Your copy should match the listing below exactly, except that it holds no images.
══ Available data ══
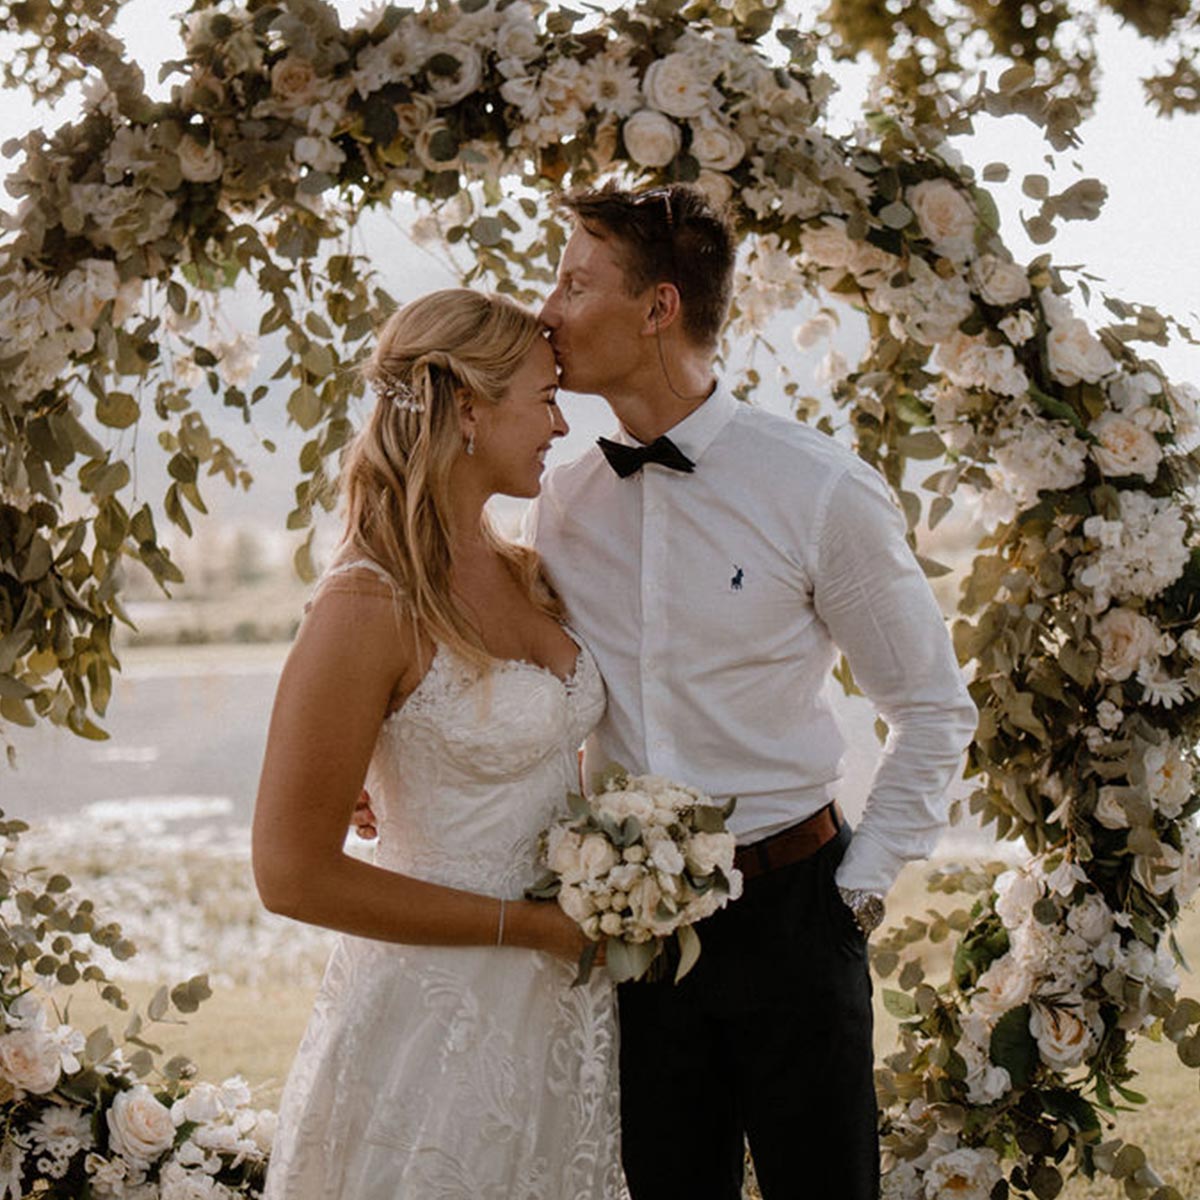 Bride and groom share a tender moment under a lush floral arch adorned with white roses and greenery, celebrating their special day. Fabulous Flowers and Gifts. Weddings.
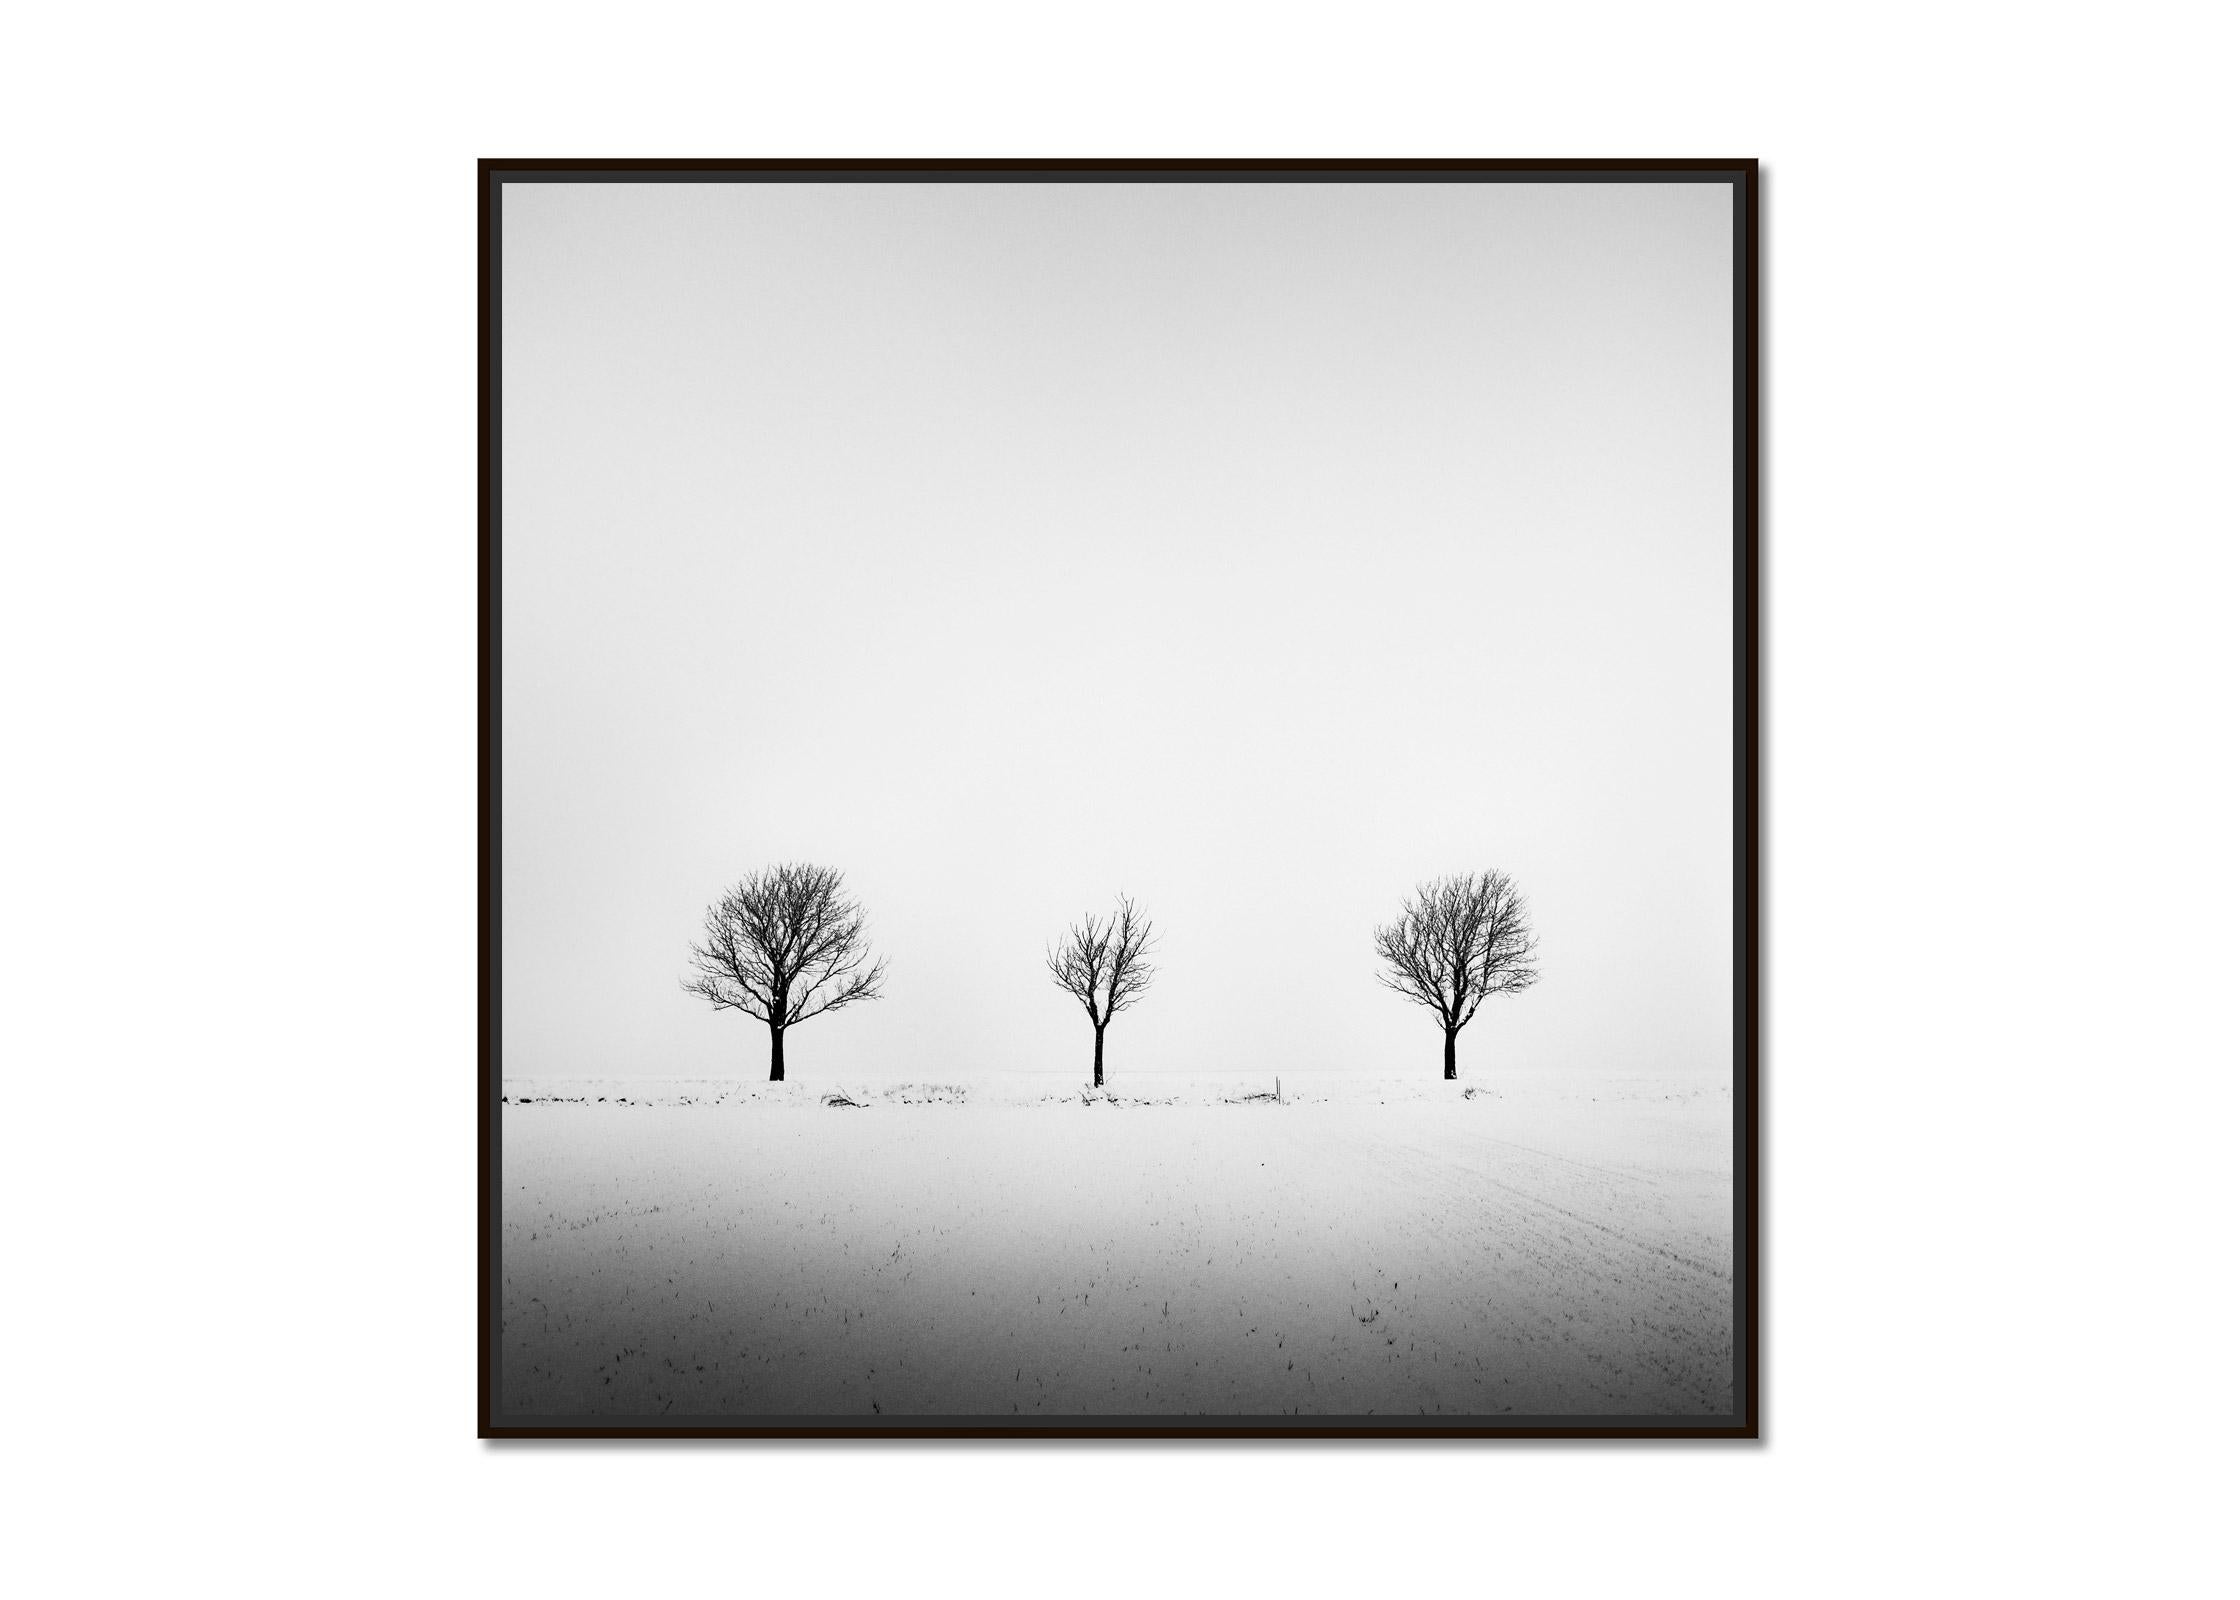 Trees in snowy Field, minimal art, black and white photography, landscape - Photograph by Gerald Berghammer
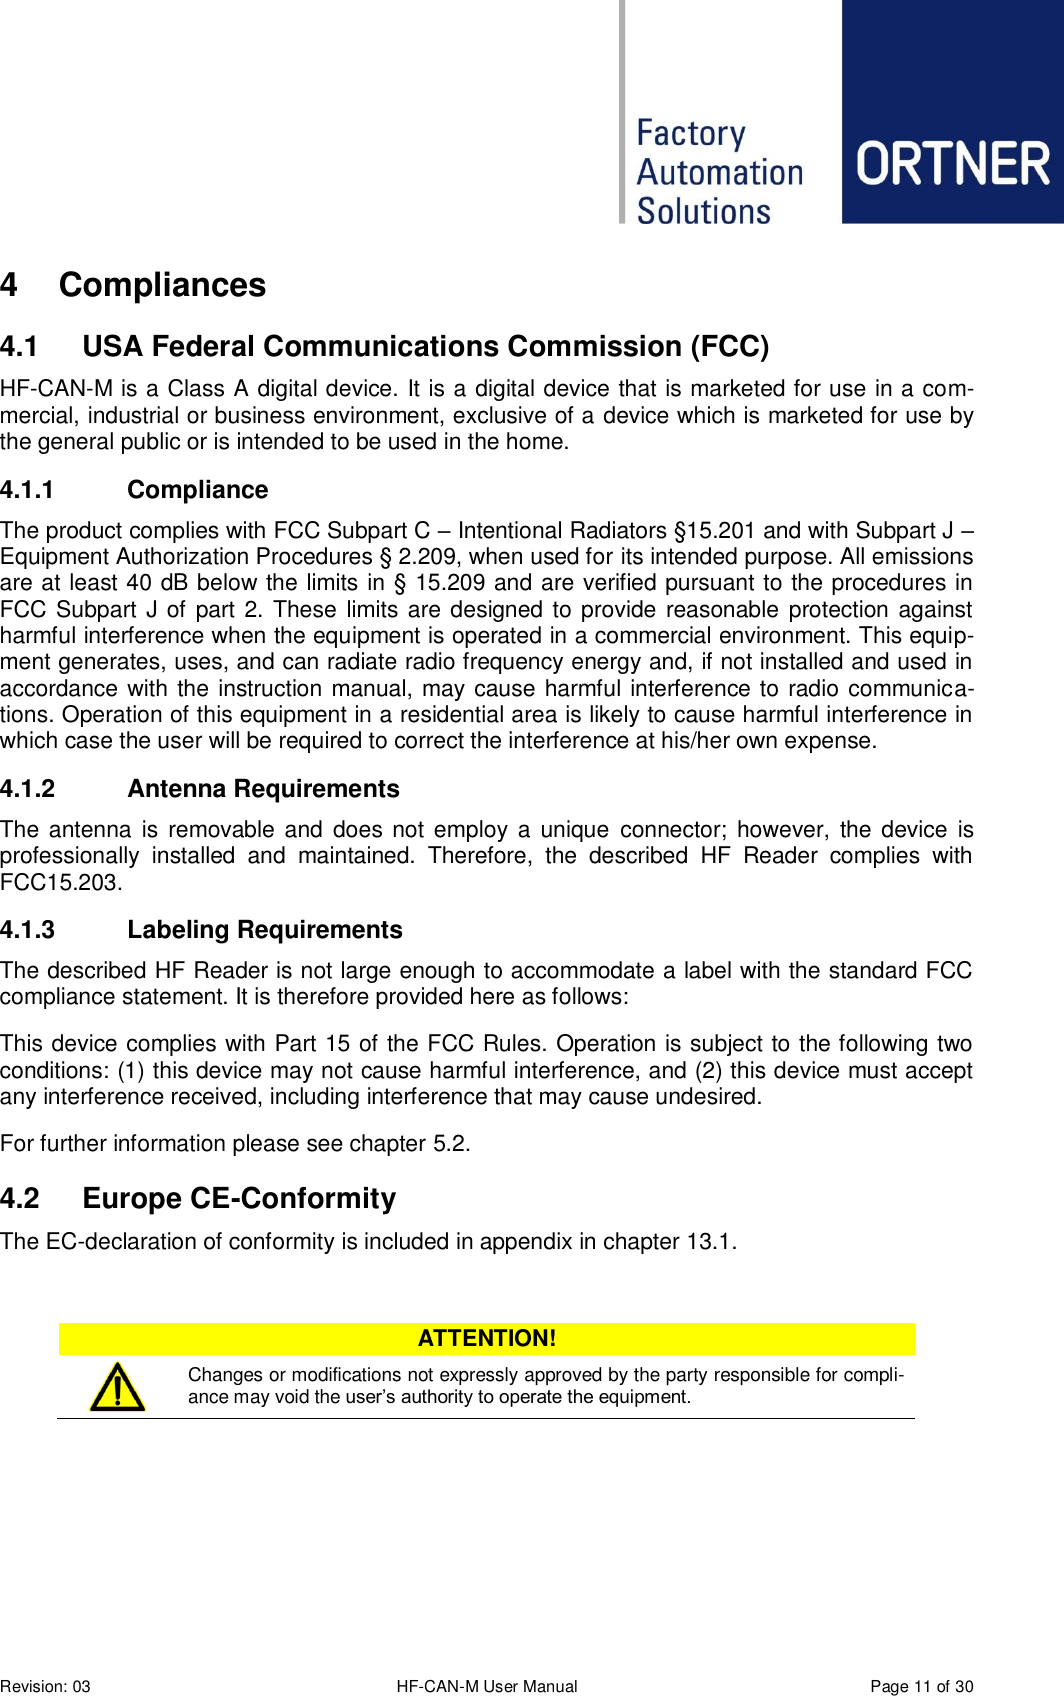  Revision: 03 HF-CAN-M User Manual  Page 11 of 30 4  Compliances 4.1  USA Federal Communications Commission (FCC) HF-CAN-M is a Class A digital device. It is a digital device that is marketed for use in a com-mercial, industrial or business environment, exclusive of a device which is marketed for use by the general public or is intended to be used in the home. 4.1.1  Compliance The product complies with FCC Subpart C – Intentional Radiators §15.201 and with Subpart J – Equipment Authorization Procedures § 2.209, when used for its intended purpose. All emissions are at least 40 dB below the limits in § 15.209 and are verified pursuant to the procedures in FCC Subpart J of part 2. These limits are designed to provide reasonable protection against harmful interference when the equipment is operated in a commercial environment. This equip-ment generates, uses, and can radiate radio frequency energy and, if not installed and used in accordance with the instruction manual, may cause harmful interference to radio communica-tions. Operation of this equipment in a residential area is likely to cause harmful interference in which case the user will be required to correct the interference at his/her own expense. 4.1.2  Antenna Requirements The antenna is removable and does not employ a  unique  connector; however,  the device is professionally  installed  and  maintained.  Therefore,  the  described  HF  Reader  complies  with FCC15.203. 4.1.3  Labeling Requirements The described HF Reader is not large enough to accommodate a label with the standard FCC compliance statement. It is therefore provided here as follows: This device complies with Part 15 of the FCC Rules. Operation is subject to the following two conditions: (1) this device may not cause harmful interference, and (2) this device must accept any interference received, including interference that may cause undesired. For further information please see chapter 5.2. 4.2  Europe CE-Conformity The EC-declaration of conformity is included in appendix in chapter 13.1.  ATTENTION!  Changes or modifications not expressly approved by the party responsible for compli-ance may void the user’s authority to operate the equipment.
═══
**Exercise output**
 Bride and groom share a tender moment under a lush floral arch adorned with white roses and greenery, celebrating their special day. Fabulous Flowers and Gifts. Weddings.
 Trees in snowy Field, minimal art, black and white photography, landscape - Photograph by Gerald Berghammer
  Revision: 03 HF-CAN-M User Manual  Page 11 of 30 4  Compliances 4.1  USA Federal Communications Commission (FCC) HF-CAN-M is a Class A digital device. It is a digital device that is marketed for use in a com-mercial, industrial or business environment, exclusive of a device which is marketed for use by the general public or is intended to be used in the home. 4.1.1  Compliance The product complies with FCC Subpart C – Intentional Radiators §15.201 and with Subpart J – Equipment Authorization Procedures § 2.209, when used for its intended purpose. All emissions are at least 40 dB below the limits in § 15.209 and are verified pursuant to the procedures in FCC Subpart J of part 2. These limits are designed to provide reasonable protection against harmful interference when the equipment is operated in a commercial environment. This equip-ment generates, uses, and can radiate radio frequency energy and, if not installed and used in accordance with the instruction manual, may cause harmful interference to radio communica-tions. Operation of this equipment in a residential area is likely to cause harmful interference in which case the user will be required to correct the interference at his/her own expense. 4.1.2  Antenna Requirements The antenna is removable and does not employ a  unique  connector; however,  the device is professionally  installed  and  maintained.  Therefore,  the  described  HF  Reader  complies  with FCC15.203. 4.1.3  Labeling Requirements The described HF Reader is not large enough to accommodate a label with the standard FCC compliance statement. It is therefore provided here as follows: This device complies with Part 15 of the FCC Rules. Operation is subject to the following two conditions: (1) this device may not cause harmful interference, and (2) this device must accept any interference received, including interference that may cause undesired. For further information please see chapter 5.2. 4.2  Europe CE-Conformity The EC-declaration of conformity is included in appendix in chapter 13.1.  ATTENTION!  Changes or modifications not expressly approved by the party responsible for compli-ance may void the user’s authority to operate the equipment.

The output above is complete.